Эротика

Татьяна Шуран
   
   
   Бывает, что какое-то оригинальное впечатление, пусть даже детское, смутно помнящееся, оставляет особенно глубокий след в душе, и позже, как ни ищи похожей силы чувств и чарующего сочетания жизненных красок, не удастся встретить и контурного наброска. Магические моменты жизни, когда вдруг приоткрываются истинные веления души, созревают неожиданно, как бы случайно, уходят невозвратно прежде, чем успеваешь распробовать их, и больше не повторяются, и ничто не может с ними сравниться. Одно такое немеркнущее воспоминание есть и у меня, и оно ведет свою родословную из "дома с картинками", как я тогда назвал все происшедшее про себя.
   Как именно я попал в этот дом, я сейчас уже не помню; кажется, хозяин приходился моим родителям дальним родственником. Мне тогда было около двенадцати лет, и я все принимал как должное: и сумбурные путешествия родителей по линялой среднеазиатской пустыне, и остановку в доме незнакомого человека намного богаче нас, и несмолкающие разговоры о каких-то раскопках, породах и камнях, с моей точки зрения - необоснованно азартные. Единственное, что интересовало по прибытии в очередной оазис цивилизации лично меня, - это благодатный аккорд прохладных мраморных сводов и светлых стен в мягкой оправе из темно-красного дерева, и туманное сияние цельного стекла высотой в два этажа, за которым открывался немного неправдоподобный вид на акварельно-влажную зелень сада и пенные струи беззвучного, несбыточного фонтана, бежавшего по зачарованно-неподвижным кольцам каменного морского змея, словно в другом измерении.
   Едва мы переступили порог, взрослые сразу увлеклись непонятным разговором, и я получил разрешение хозяина погулять по дому. Хозяин был не то грек, не то перс; признаться, мне он запомнился только своим необычайно высоким ростом, и еще пронзительными черными глазами, которые отделялись на общем строгом фоне его облика, как случайно вырвавшиеся языки пламени.

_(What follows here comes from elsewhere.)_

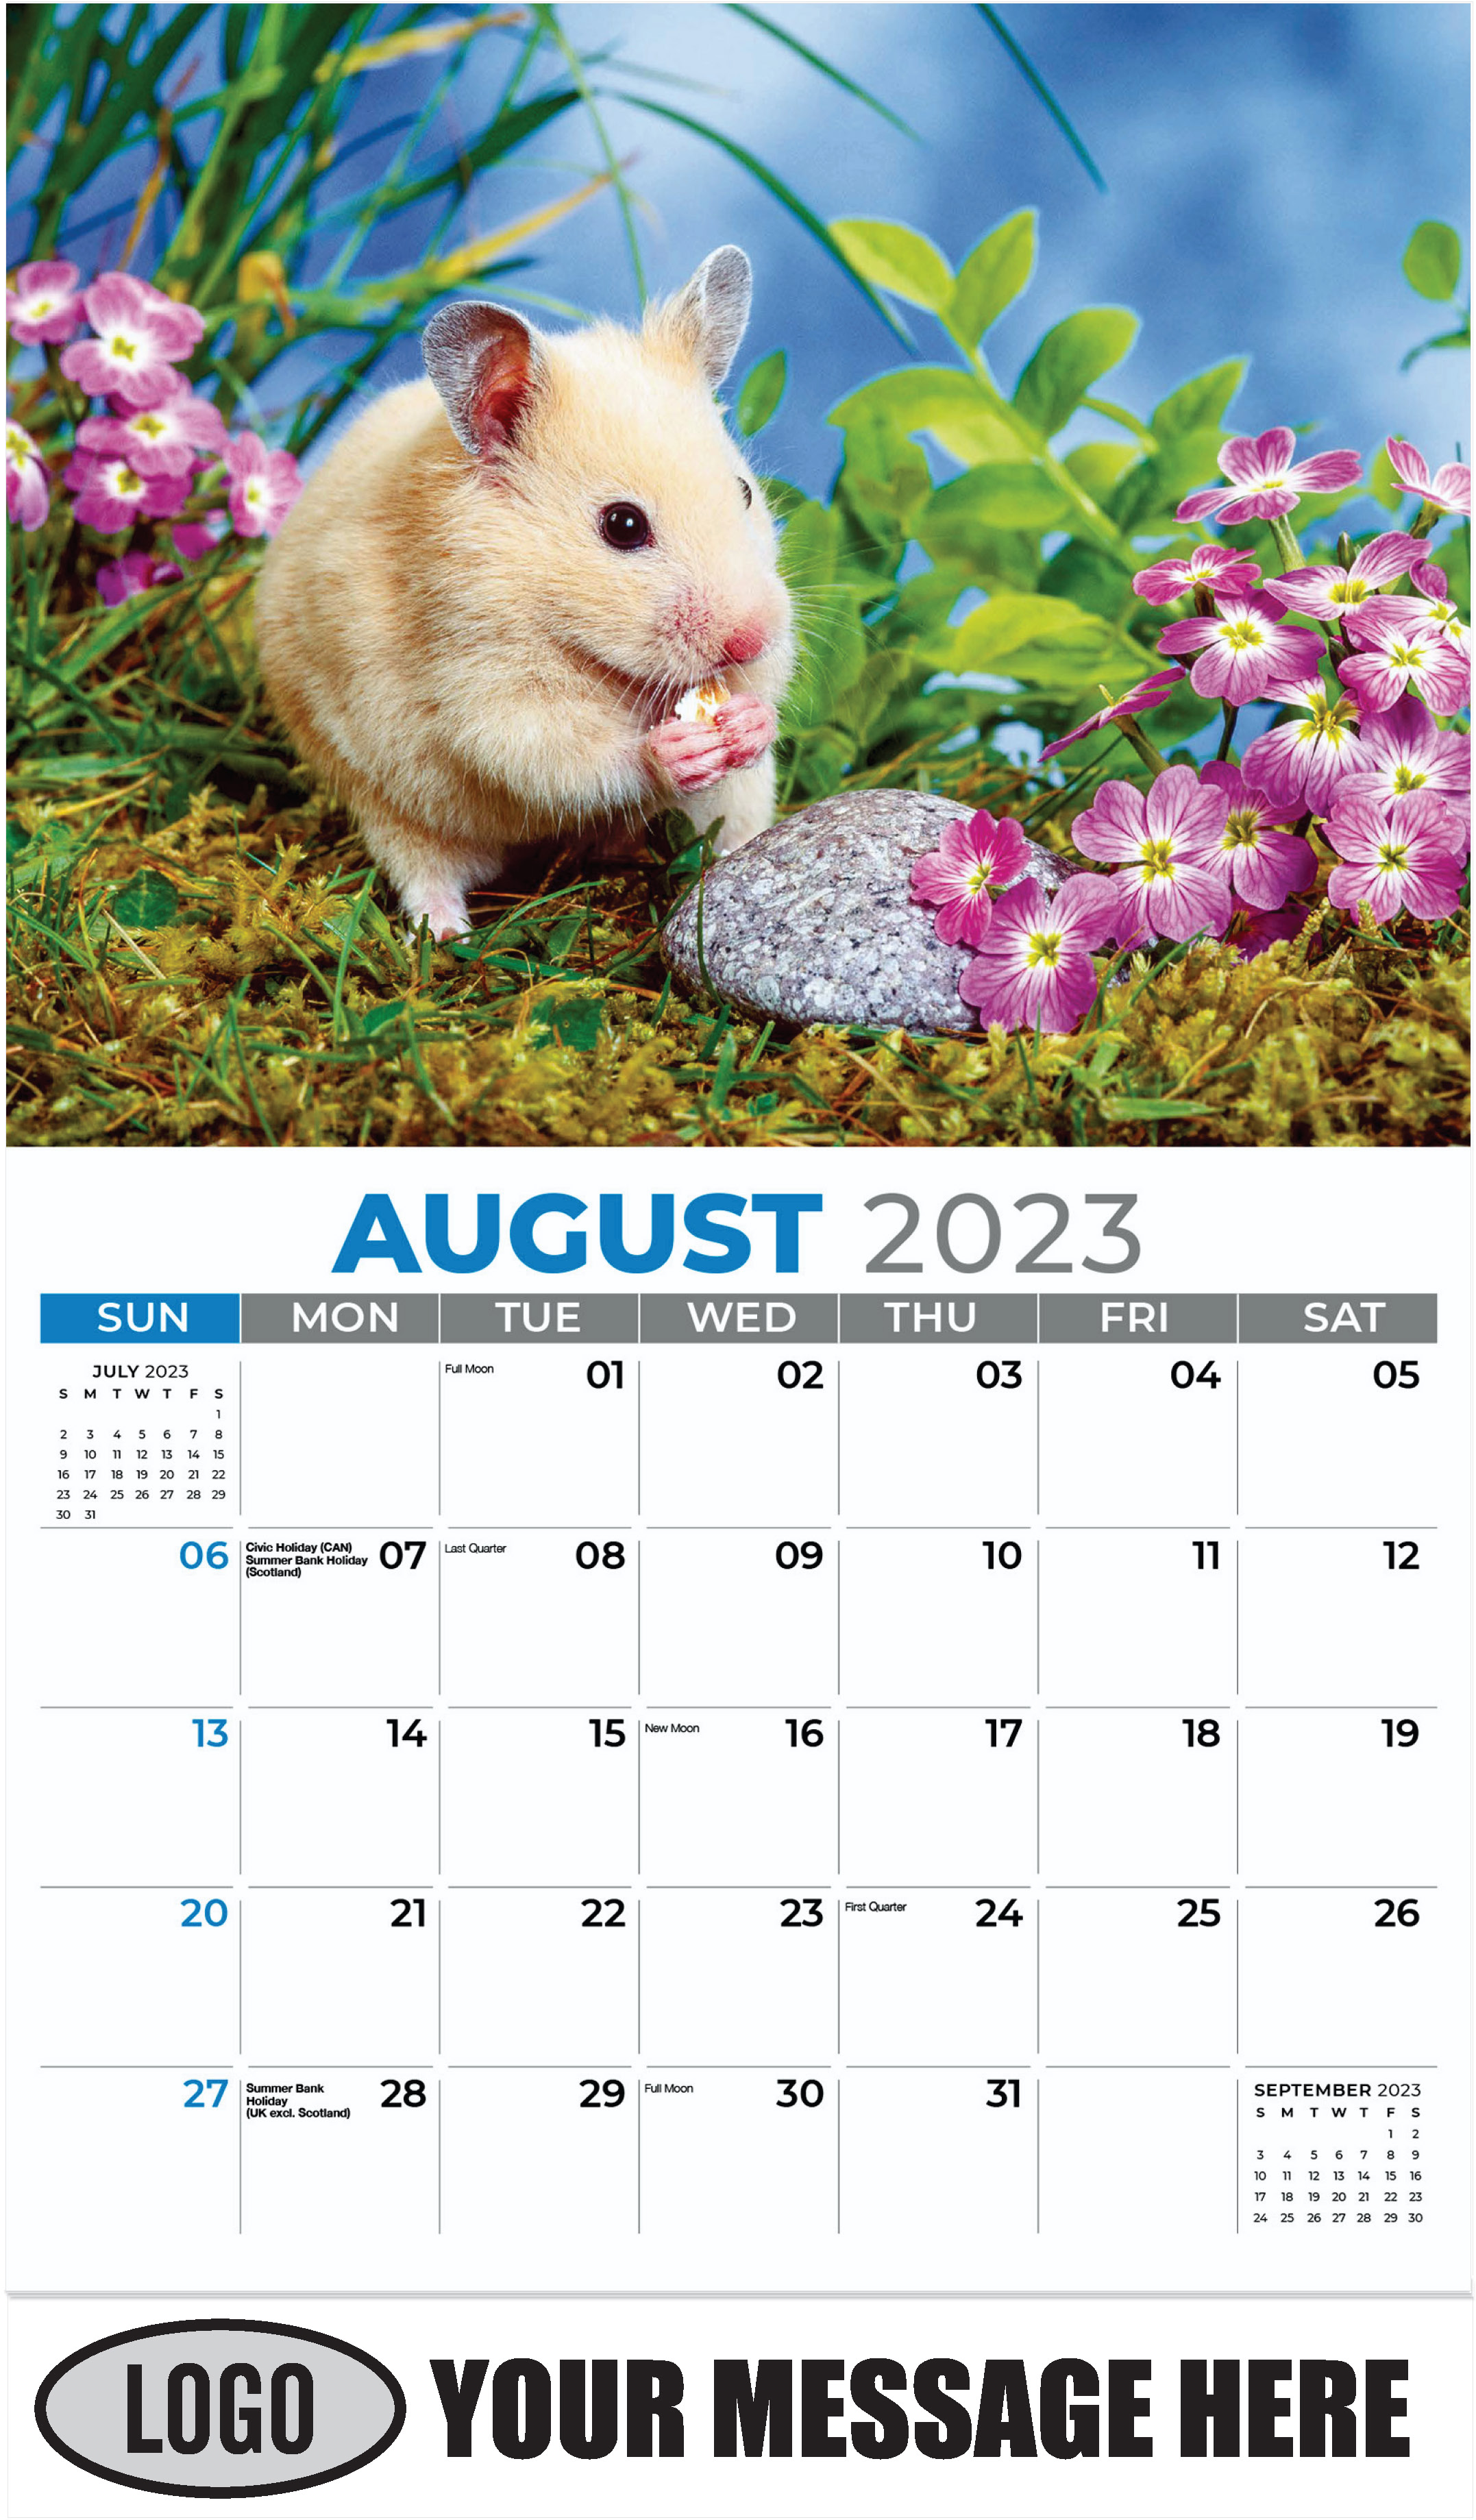 Syrian Hamster - August - Pets 2023 Promotional Calendar

   Зато обстановка дома осталась в моей памяти во всех подробностях - и дело здесь не в роскоши и дороговизне каких-то отдельных вещей, а в атмосфере неповторимого уединения и покоя, в подлинно художественном вкусе, которым дышало каждое непривычное моему глазу, экзотическое сочетание объемов и красок - вереница интерьеров с низкими диванами, узорными покрывалами, сверкающими расплавленным золотом, как остывающая лава, и каменных фресок с резким контрастом перламутрово-белых и светло-алых плоскостей, и гипнотическим покоем округлых линий, словно спящих дюн. В обступавшей посетителя дома красоте чувствовалось не только благородство вкуса, но и благородство духа; казалось, время здесь течет по-другому, за порогом осталась повседневная суета, и легче дышать.

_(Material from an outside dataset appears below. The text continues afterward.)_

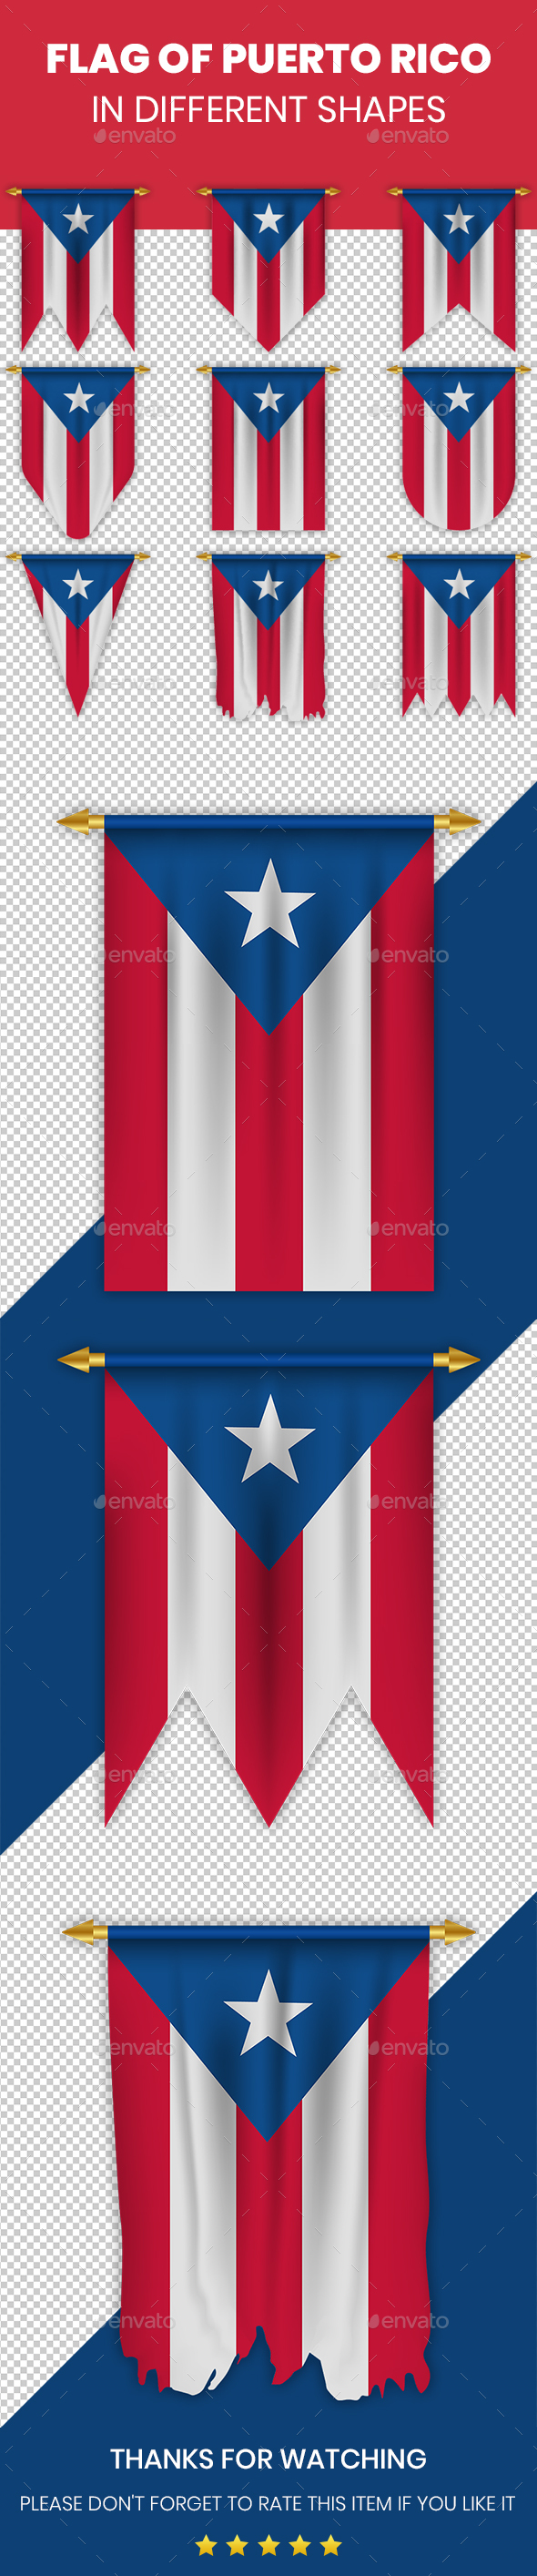 Puerto Rico Flag In Different Shapes

   Я шел, и во мне разгоралось любопытство. В многокрасочных волнах фресок на неизвестные мне мифологические сюжеты, в причудливом нагромождении стилизованных фигур и ломаных линий мне виделось что-то двойственное, нарочито неправдоподобное, недосказанное, как будто за броским поверхностным пластом художник спрятал нечто иное, зовущее, главное... Чем дольше я смотрел, тем чаще меня захватывало ощущение, что я проваливаюсь в мир чистых золотых энергий, каскадом низвергающихся с темных небес, расцвечивающих тонкие запястья бесплотных красавиц бусинами звездных огней, мерцающих в пустынных черных очах и улыбающихся горячими пурпуровыми губами...

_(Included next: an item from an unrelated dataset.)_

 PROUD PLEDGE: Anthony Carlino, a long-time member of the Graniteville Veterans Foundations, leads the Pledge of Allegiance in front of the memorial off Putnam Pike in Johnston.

   Так незаметно для себя я прошел длинную анфиладу и, свернув куда-то, вдруг оказался в комнате, не похожей на остальные: закутанная в ревнивые портьеры, сквозь которые едва пробивался дневной свет, она словно особенно тщательно пряталась от внешнего мира и казалась отдельным замкнутым пространством, наподобие сказочной пещеры чудес...
   На столике в стороне я заметил причудливый светящийся прибор. Рассмотрев его, я догадался, что это устройство для просмотра объемных слайдов - стереоскоп, кажется - я тогда не знал, как оно называлось. Наклонившись к стеклышкам, я увидел яркую, сияющую жемчужными красками и переплетением чеканно-четких линий картинку, но не понял, что на ней изображено.
   Сейчас я понимаю, что мне всего лишь попалась пачка старинных эротических рисунков, но тогда непонятная вязь разбегающихся контуров и мерцающих округлых плоскостей произвела на меня завораживающее впечатление. Одна из картинок изображала два странных молочно-белых окна в кованой раме, в форме перевернутых куполов - я не сразу сообразил, что это женские груди. По другому снимку бежал ажурный узор из вьющихся побегов, вроде плюща, исчезавшего в черном провале между двух гладких, как алебастр, и абсолютно одинаковых высоких холмов - мне потребовалась цепь логических умозаключений, чтобы понять, что на рисунке в несколько непривычном ракурсе запечатлены женские ноги. Вообще догадка, что все эти вычурные орнаменты имеют отношение к изображению человеческого тела, пришла ко мне только после того, как на одном из снимков я наконец обнаружил изображение девушки целиком - как молочная река, она отделялась на фоне темных покрывал, и ее полуприкрытые глаза смотрели неестественно пристально...
   - Нравится? - раздался мелодичный голос у меня за спиной.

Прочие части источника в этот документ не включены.